Зимой 1974 года, после высылки Солженицына за границу, Леонову ещё раз напомнят его годы молодые, придя из «органов» с просьбой подписать антисолженицынское письмо. На что Леонид Максимович попросит представить ему написанное Солженицыным «в полном объёме»: и тогда, мол, я подумаю

Очень изящный ответ, признаем.

В достаточно полном объёме Леонов узнает прозу Солженицына уже в конце восьмидесятых. Вернее, даже не сам прочтёт, а одна из его помощниц, Галина Платошкина, станет читать Леонову вслух «Архипелаг ГУЛАГ»: сам старик будет плохо видеть к тому времени.

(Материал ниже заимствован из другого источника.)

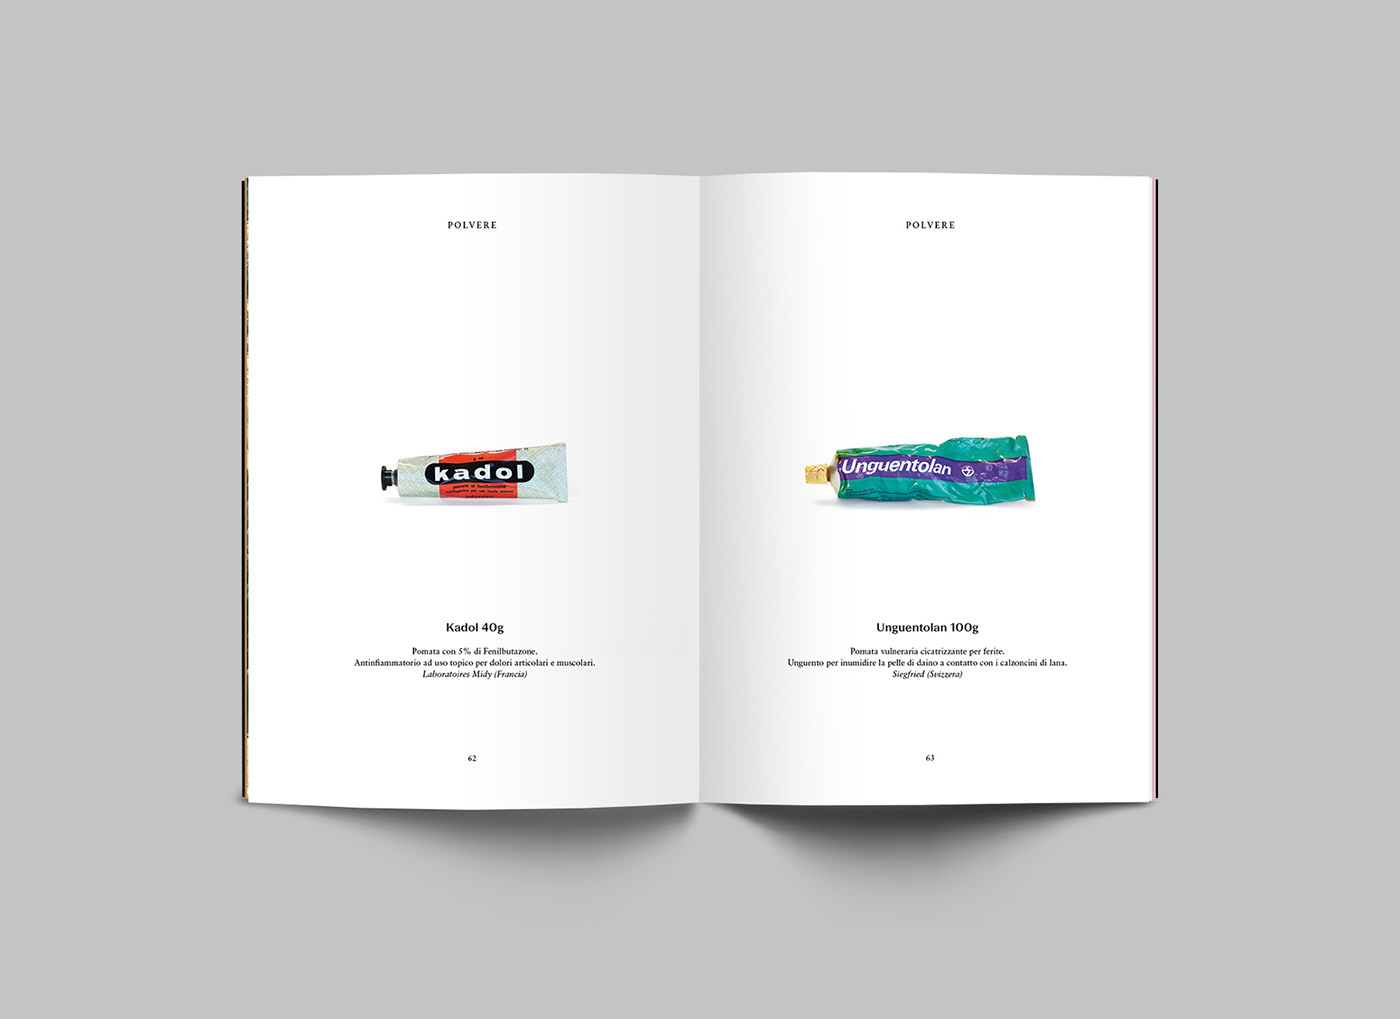 Cycling Drugs medicines photo storytelling   article typography   graphic magazine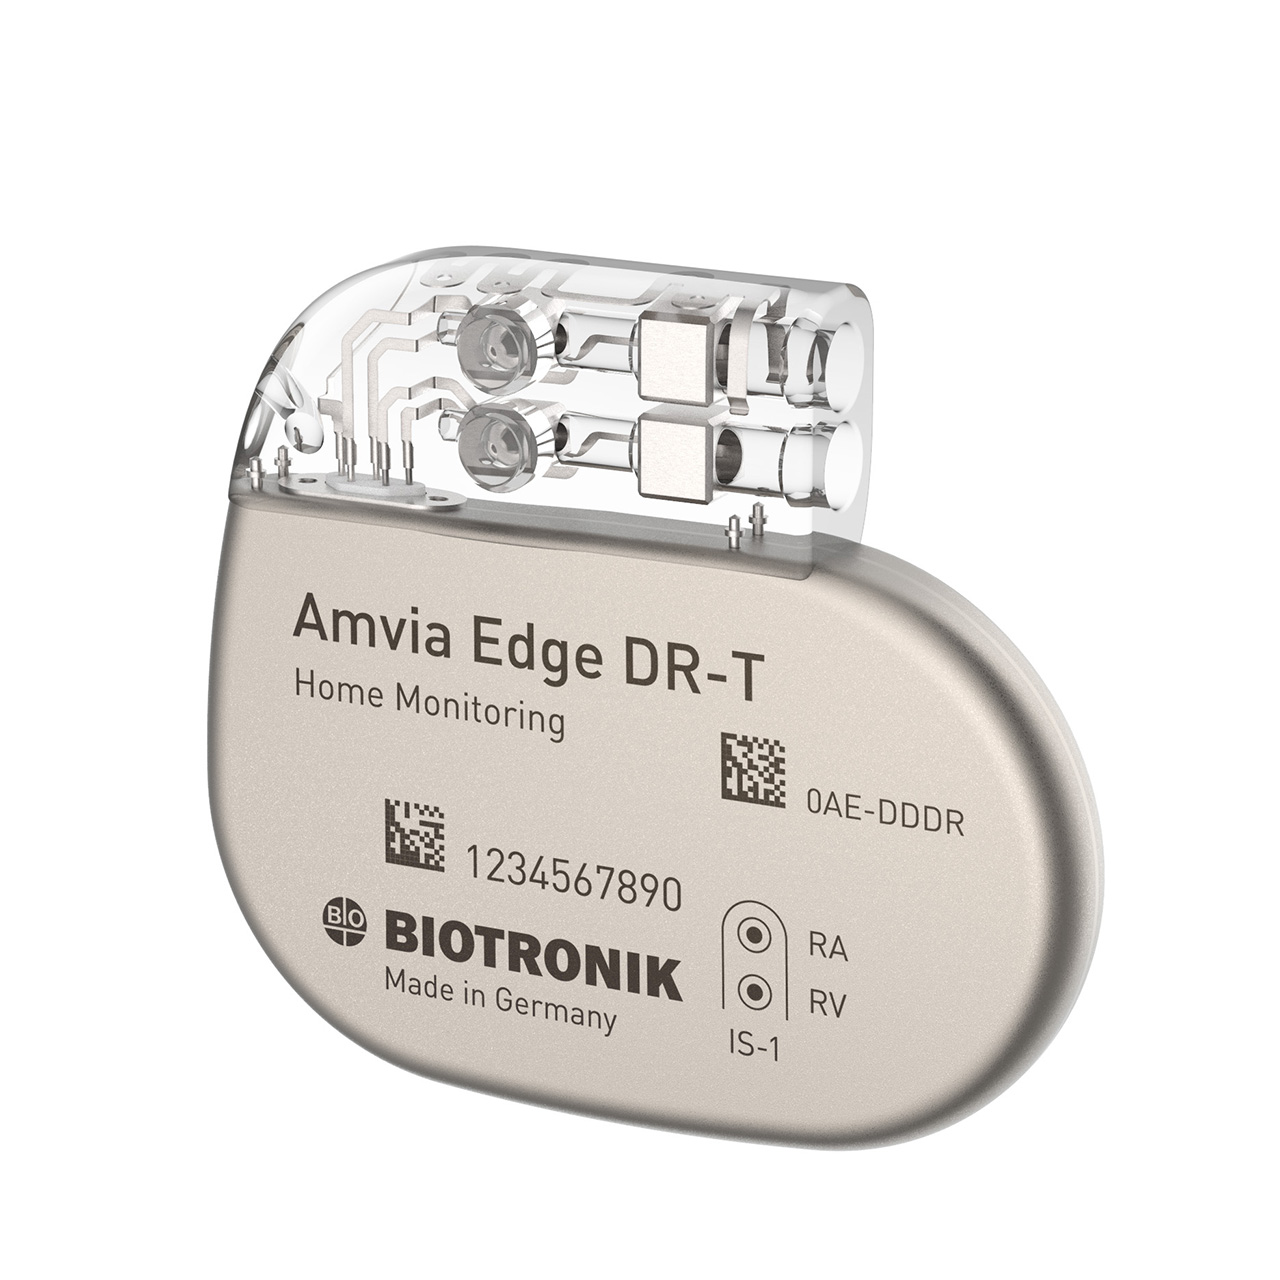 Amvia Edge DR-T dual-chamber pacemaker

«Достойный эпилог к „Капиталу“ Маркса», — мрачно скажет Леонов о сочинении Солженицына.

И чуть позже добавит в одном разговоре:

— Солженицын — не художник, но серьёзно смотрящий на жизнь общества литератор, политический мыслитель. Он берёт важные тезисы, которые требуют большой ответственности и зоркости. Когда прикасаешься к великой трагедии народа, должны быть чисты помыслы — будто ты на костёр идёшь…

Несмотря на соразмерный масштаб и личности, и таланта (у одного публицистического, у второго литературного) — их конечно же не роднило почти ничего. Внешне (очень внешне!) схожая, несколько мрачная, недобрая, трудная, медленная проза Леонова и Солженицына строится на совершенно разных законах и повествует в конечном итоге о разном.

И позднее признание в какой-то мере правоты Солженицына Леоновым означало лишь то, что Леонид Максимович нашёл ещё одно подтверждение своим апокалиптическим предчувствиям, которые у него и без «Архипелага ГУЛАГ» наличествовали и были им самим уже описаны.

И поздняя статья Солженицына о «Воре» является, по сути, развёрнутым размышлением на тему: «Насколько Леонов был антисоветским писателем?» Проще говоря, Солженицын, со своей стороны, встраивал патриарха советской прозы в собственное миропонимание.

Оба конечно же по-настоящему любили Россию… Но для Леонова жизненный путь Солженицына был просто немыслим; равно как и, естественно, наоборот.

Так и существуют они пока в очень разных измерениях, два огромных, непознанных в полной мере небесных тела.

.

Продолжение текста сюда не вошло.